* [Work order]: Using the listing below, retype only the lines from the line with "Closed Roll-on Deodorant Mockup 47961" through the end, both ends included, and exclude the pictures.
***** Available data
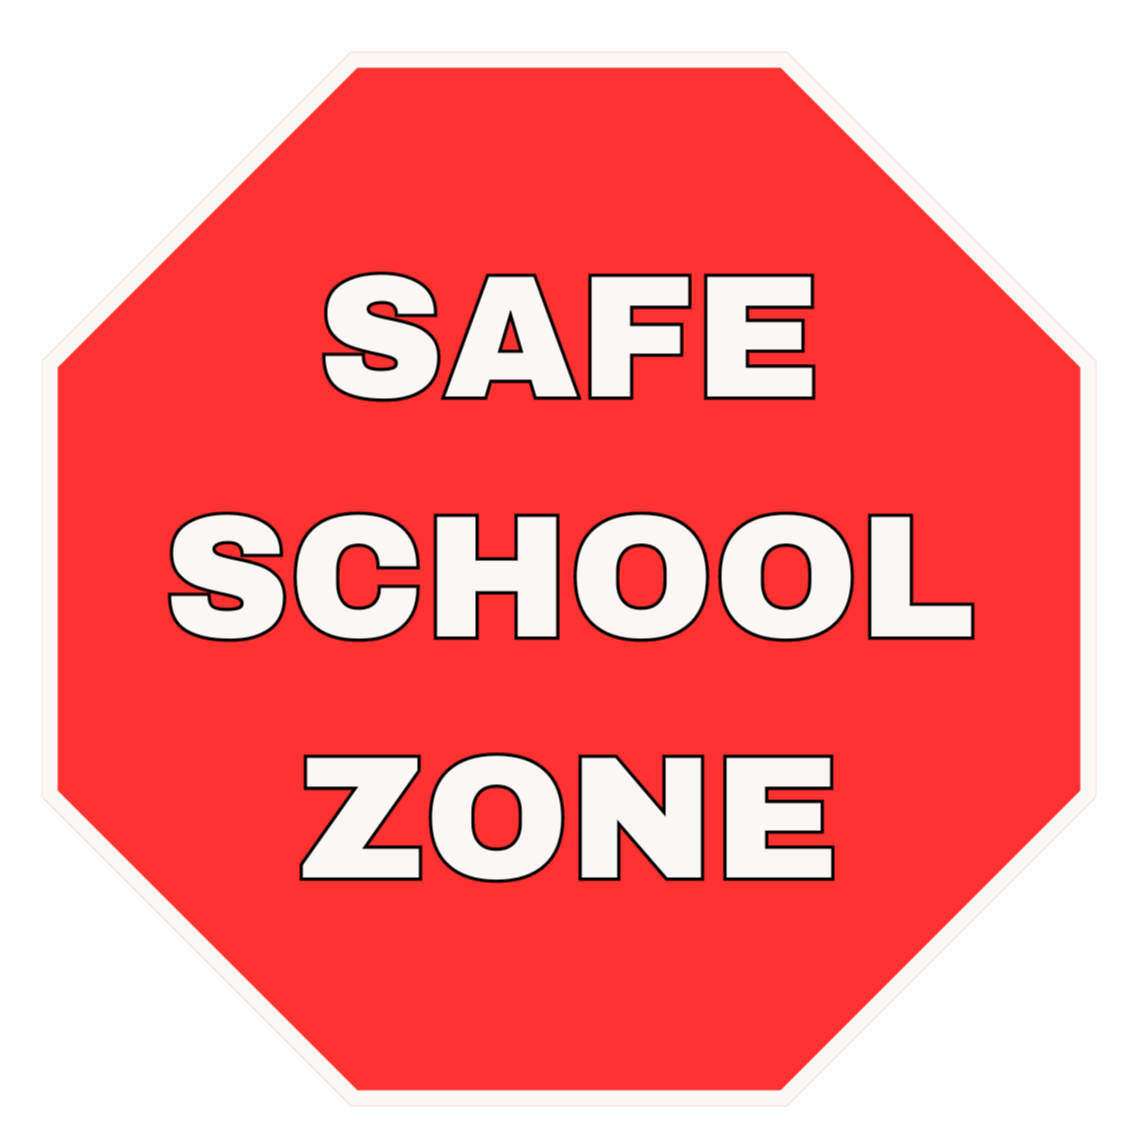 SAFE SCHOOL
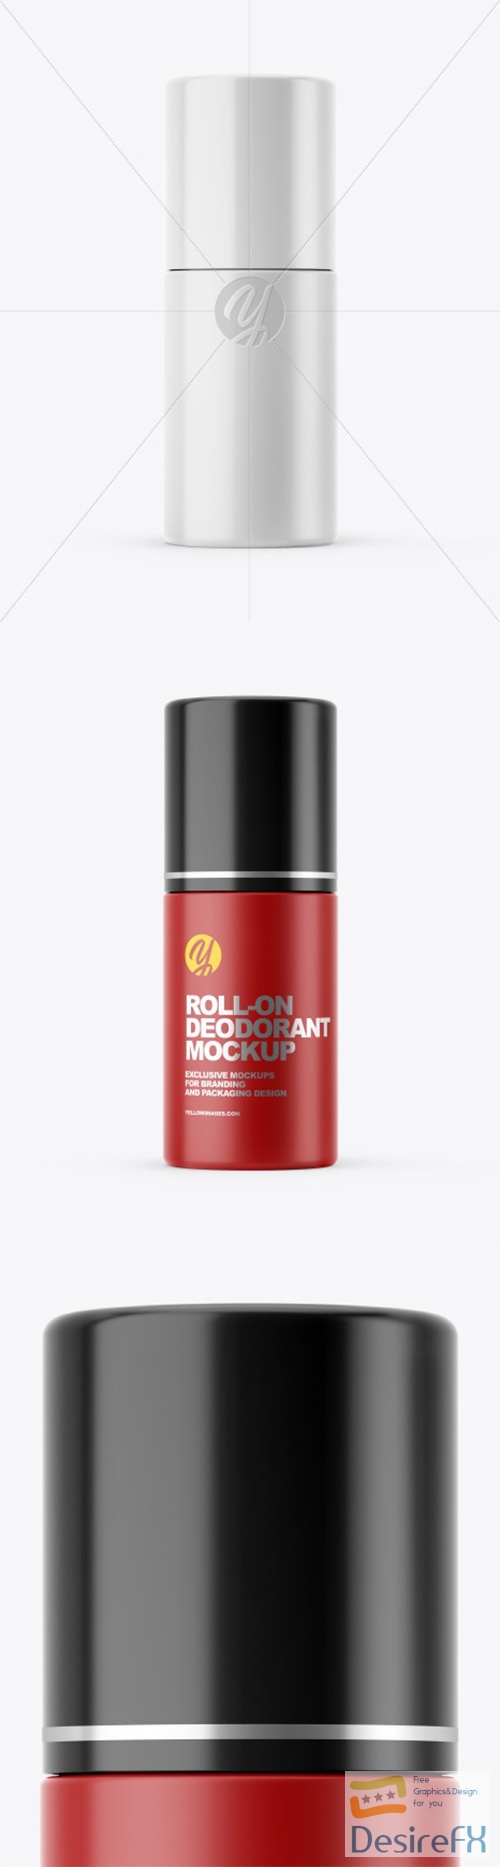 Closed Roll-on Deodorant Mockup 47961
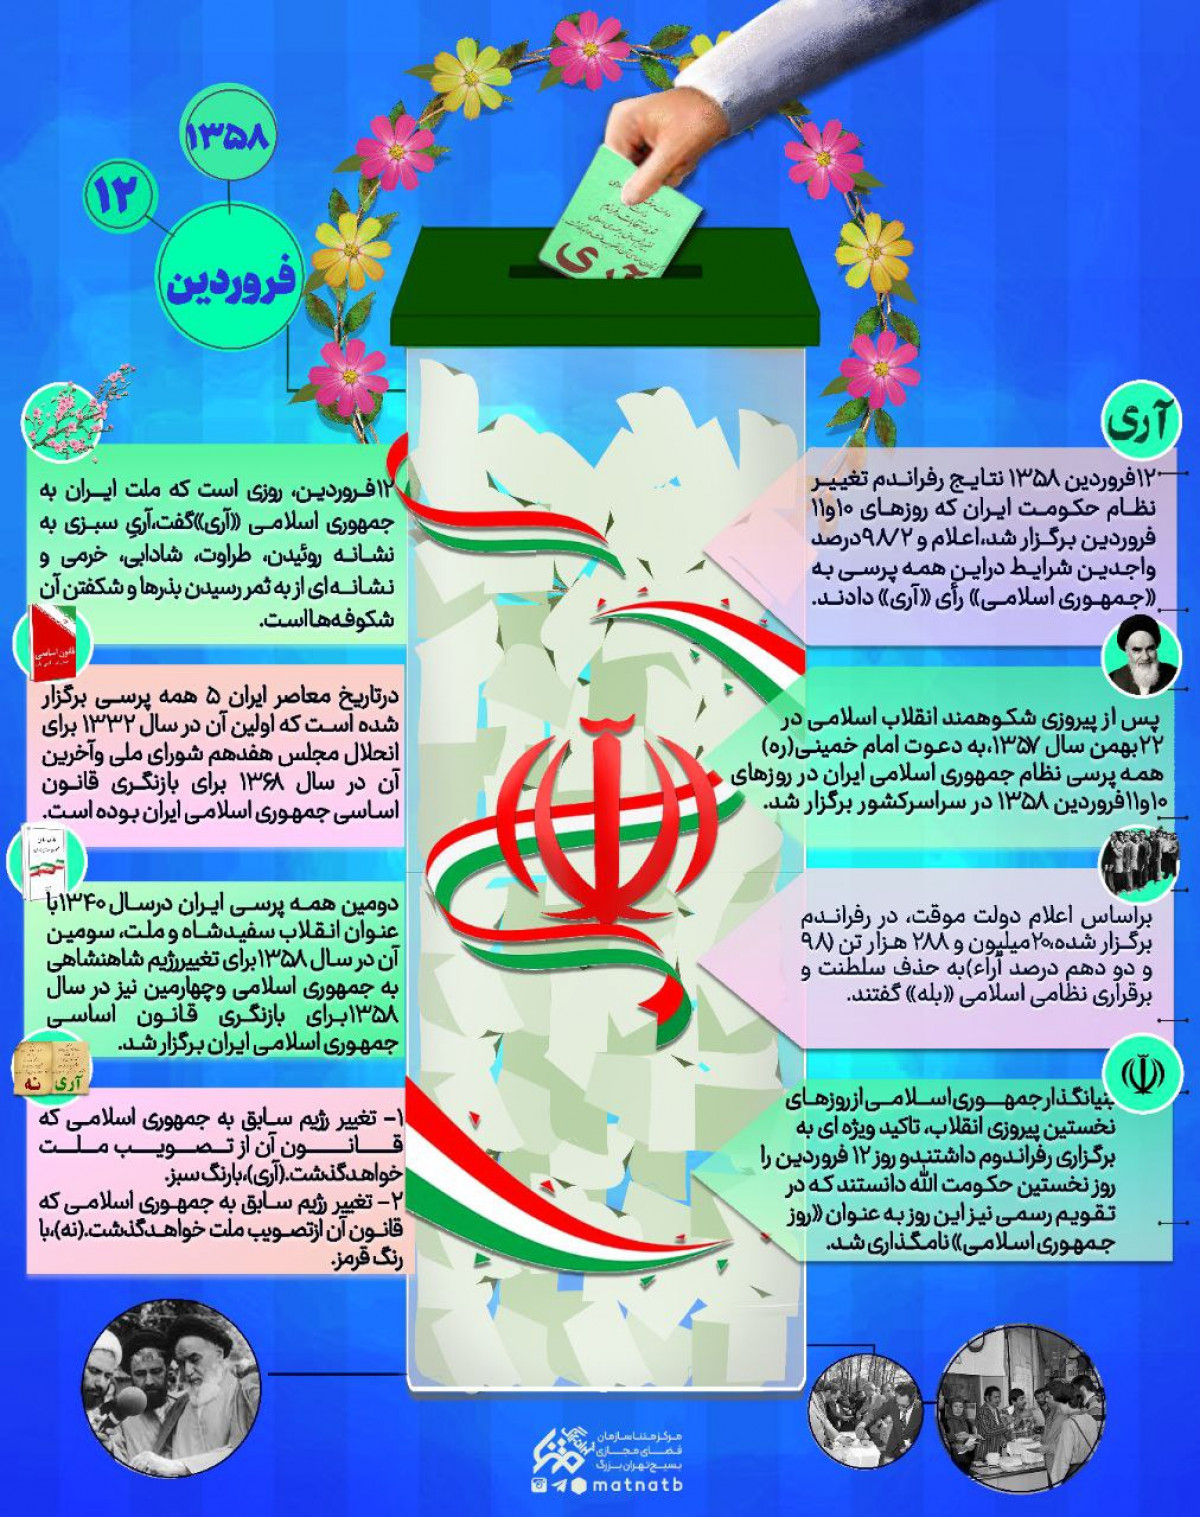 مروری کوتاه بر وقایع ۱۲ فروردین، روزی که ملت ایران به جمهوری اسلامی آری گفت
**********
* [Result of this task]:
 Closed Roll-on Deodorant Mockup 47961
 مروری کوتاه بر وقایع ۱۲ فروردین، روزی که ملت ایران به جمهوری اسلامی آری گفت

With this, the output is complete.